Buse Tosun (born 1995) is a Turkish freestyle wrestler. She is a member of Yalova Altınova Tersaneler SK.

Wrestling career 
She took part in the 63 kg event of the 2013 European Wrestling Championships in Tbilisi, Georgia and advanced to the semifinals. The same year, she won the gold medal in the 63 kg event at the European Junior Championships held in Skopje, Macefonia. At the 2013 World Championships in Budapest, Hungary, she lost in the event's first round.

She won the gold medal at the 2014 European Junior Women's Championships in Katowice, Poland. She participated at the 2014 World Championships in Taskent, Uzbekistan without success.

Tosun captured the bronze medal at the European Under-23 Championships in Wałbrzych, Poland. She competed in the 63 kg event of the 2015 European Games in Baku, Azerbaijan.

In 2016, she took the bronze medal in the 69 kg event of the European Championships held in Riga, Latvia. Tosun captured the gold medal at the 2016 European Under-23 Championships in Ruse, Bulgaria. She earned a quota spot at the 2016 Summer Olympics with her performance of placing second at the 2016 European Wrestling Olympic Qualification Tournament in Zrenjanin, Serbia. At the 2016 Olympics in Rio de Janeiro, Brazil, Tosun lost the repechage match in the 69 kg event, and failed so to win a medal.  She won the gold medal in the 68 kg event of the 2018 European U23 Championship held in Istanbul, Turkey.
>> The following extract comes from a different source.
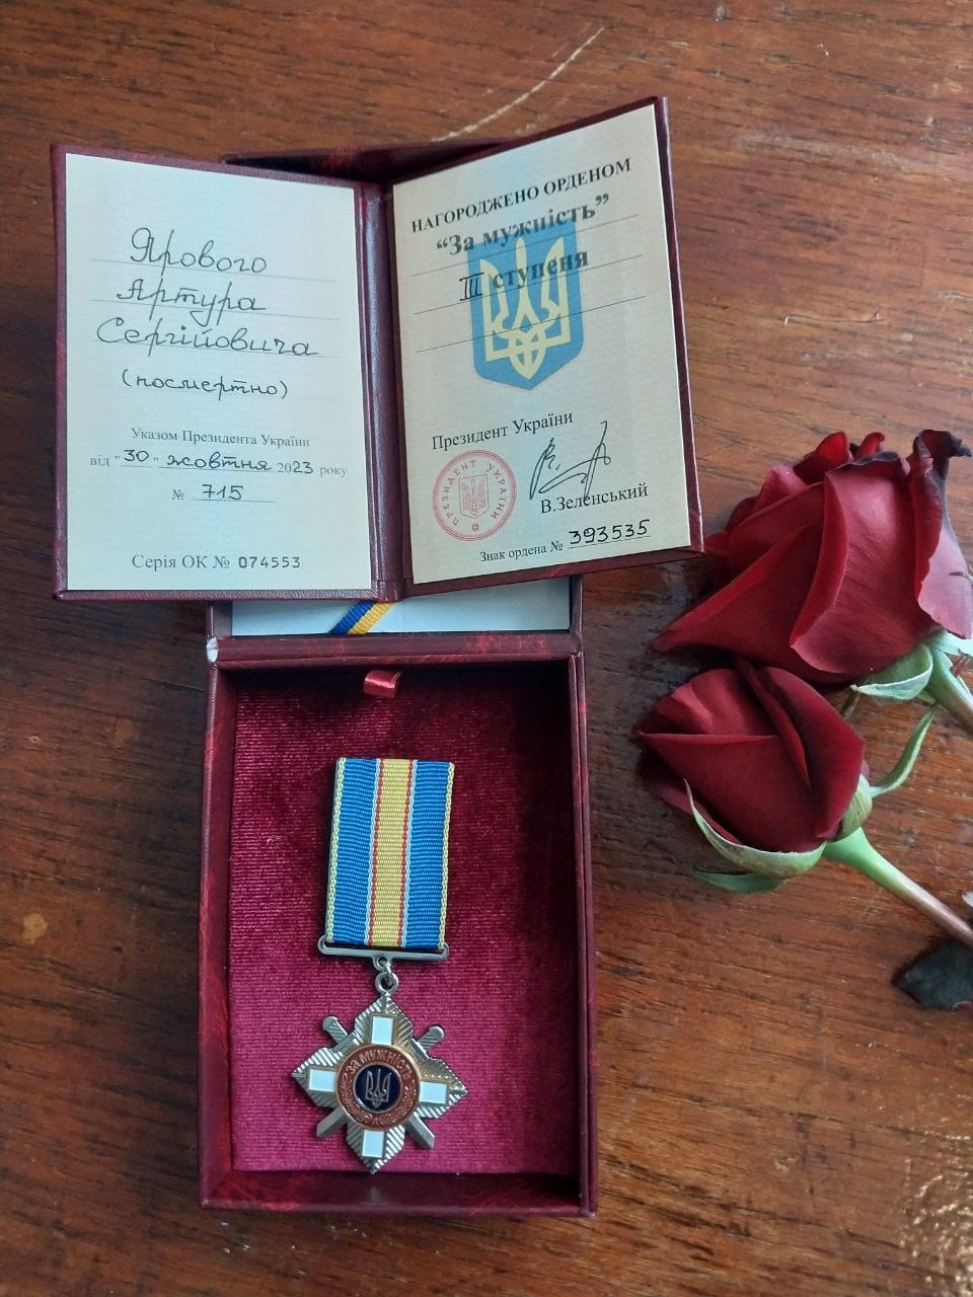 Матері загиблого Героя з Городківської громади вручили орден "За мужність"

In 2018, she won the gold medal in the women's 68 kg event at the European U23 Wrestling Championship held in Istanbul, Turkey.

In 2020, she won the silver medal in the women's 72 kg event at the 2020 Individual Wrestling World Cup held in Belgrade, Serbia. In March 2021, she competed at the European Qualification Tournament in Budapest, Hungary hoping to qualify for the 2020 Summer Olympics in Tokyo, Japan. She did not qualify at this tournament and she also failed to qualify for the Olympics at the World Olympic Qualification Tournament held in Sofia, Bulgaria. In June 2021, she won the silver medal in her event at the 2021 Poland Open held in Warsaw, Poland. In October 2021, she won one of the bronze medals in the women's 72 kg event at the World Wrestling Championships in Oslo, Norway.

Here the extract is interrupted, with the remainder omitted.